Appeal from the Circuit Court of Cook County. Honorable Stanley Sacks, Judge Presiding.

Released for Publication November 26, 1997.

Presiding Justice Greiman delivered the opinion of the court. Theis and Zwick, JJ., concur.

The opinion of the court was delivered by: Greiman

PRESIDING JUSTICE GREIMAN delivered the opinion of the court:

Defendant Rolando Garcia was charged by indictment with a single count of possession of a controlled substance (15 or more grams but less than 100 grams of cocaine) with intent to deliver. Following a jury trial, defendant was convicted of the lesser included offense of possession of a controlled substance and sentenced to seven years' imprisonment. On appeal, defendant contends that: (1) the trial court abused its discretion in instructing the jury, sua sponte and over defendant's objection, on the lesser-included offense of possession of a controlled substance, and (2) he was not proven guilty beyond a reasonable doubt. For the reasons that follow, we reverse.

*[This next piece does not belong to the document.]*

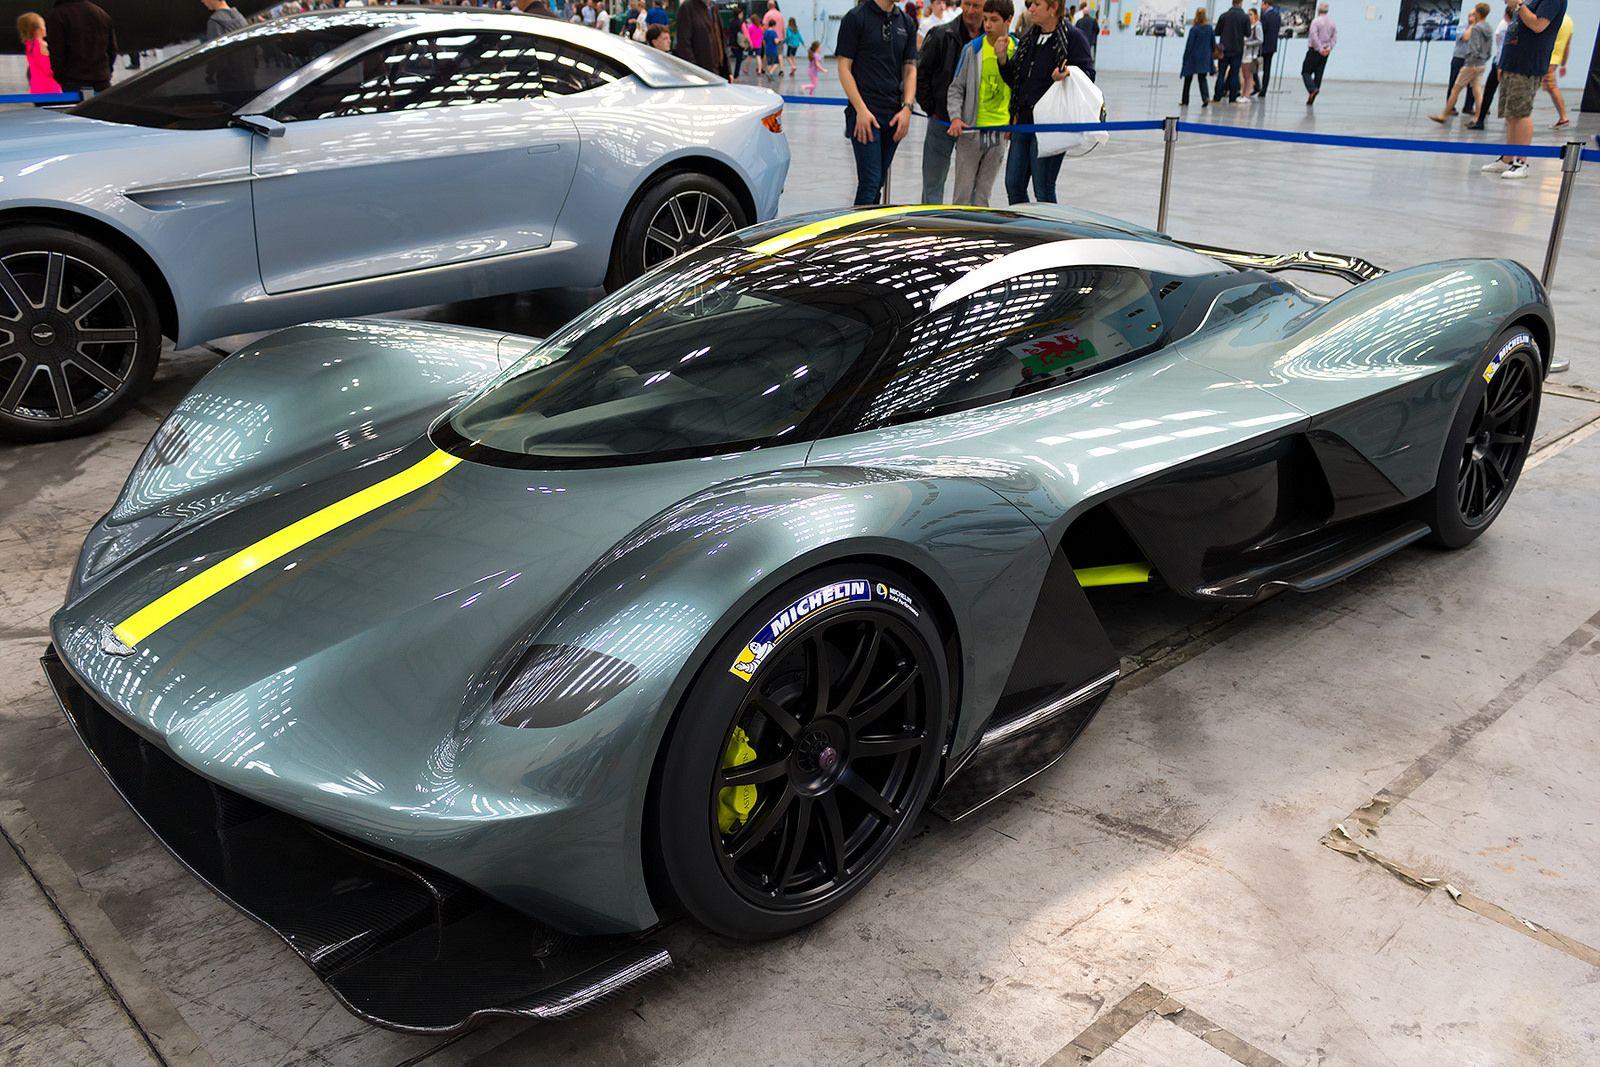 Aston martin valkyrie 1 000kg 1 000hp car photos pinterest aston martin automotive design and car photos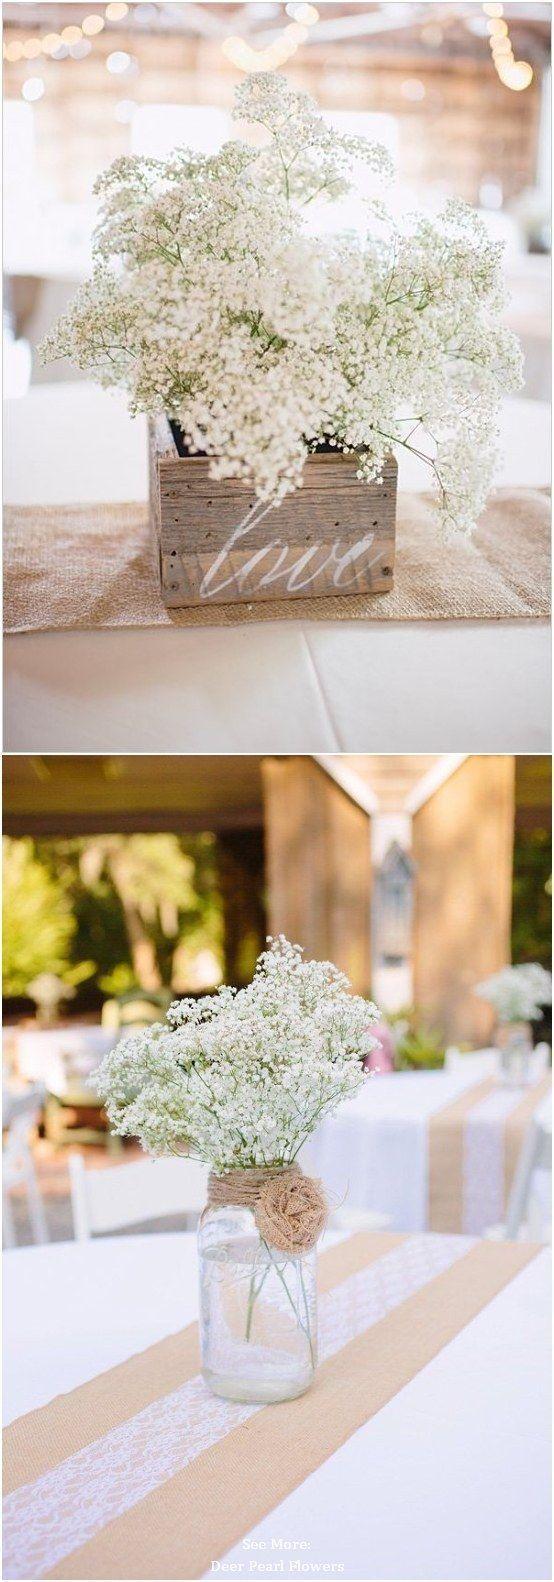 68 Baby's Breath Wedding Ideas for Rustic Weddings / www.deerpearlflow…

The State's evidence established that on the morning of September 16, 1994, Chicago police officers Robert Norise, Clyde Raymond, Kenny Johnson, Cindy Zalinski, Carla Kubasak and Sergeant Thomas Martin executed a search warrant for a house, located at 5520 South Francisco in Chicago, and an arrest warrant for a person named "Hygie."

When the police arrived at the house, they knocked and identified themselves. Once inside, they met Alfredo Aguilar and an unnamed female. In searching the unfinished basement, Officer Norise saw no walls. He found dirty adult clothing, a laundry area, a bed in a sleeping area, and a pool table.

When Officer Norise opened a utility closet, which was located along the north wall of the basement, he found a gas meter and a small, white box of plastic sandwich bags. Because he was not the police officer who had applied for the warrant, Officer Zalinski was called. The search continued after Officer Zalinski arrived. Officer Norise handed Officer Zalinski the box he had discovered on a ledge several inches over the door inside the closet. The box contained 24 smaller, plastic bags of a white, rock-like substance, a small scale and some mail. Several traffic tickets issued to defendant were found and indicated that on July 23, 1994, he lived at this address. Several court summonses, dated September 12, 1994, and issued to defendant at that address, were also found. Based upon his experience, Norise, a veteran officer, was of the opinion that the sandwich bags and the gram scale were used for selling drugs.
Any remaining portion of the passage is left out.